# Ideas for Zombie party for bathroom?



## princessdark (Jul 17, 2007)

Hi all. I think I have good ideas for decorating my house for my zombie party but I am at as loss as to how to decorate my bathroom. The living room we are using scene setters for zombies, zombie tape and other assorted signs "dead zone" "the living dead end up here" etc.
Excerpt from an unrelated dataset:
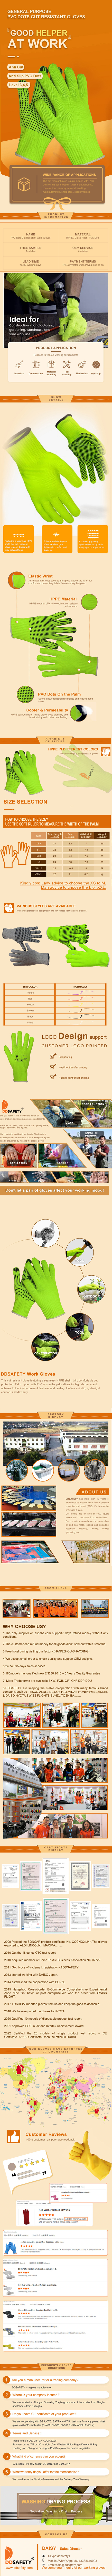 Hi-Viz Hppe Knit Cut Resistant Safety Work Gloves With Anti Slip Pvc Dotted On Palm - DCR213 Hi-Viz Hppe Knit Cut Resistant Safety Work Gloves With Anti Slip Pvc Dotted On Palm - DCR213 gloves,cut resistant gloves,pvc dotted gloves,Hi-Viz cut gloves,PVC Dotted on Palm

anyone have ideas? I am just not as creative as so many people on here are!


----------



## Stochey (Sep 22, 2009)

In my Zombie bathroom I am doing a bottom layer of just random newspaper and then printing out fake/real (hoping I can find some from the whole bath salt thing) zombie articles and papering them on top. I'm going to write things like "They're coming for you Barbara" and " We deserved this!!" on there in markers and fake blood.


----------



## pumpkinpie (Jul 9, 2011)

Stochey said:


> In my Zombie bathroom I am doing a bottom layer of just random newspaper and then printing out fake/real (hoping I can find some from the whole bath salt thing) zombie articles and papering them on top. I'm going to write things like "They're coming for you Barbara" and " We deserved this!!" on there in markers and fake blood.


Love this idea


----------



## Monroe58 (Sep 13, 2009)

We're putting a dummy zombie in the shower behind the curtain with zombie sounds...and then some flickering lights and bloody bandages and body parts and such!


----------



## lilybones (Sep 30, 2012)

@Monroe: Oh my god, that is brilliant and mildly traumatizing.


----------



## Hollows Eva (Sep 29, 2011)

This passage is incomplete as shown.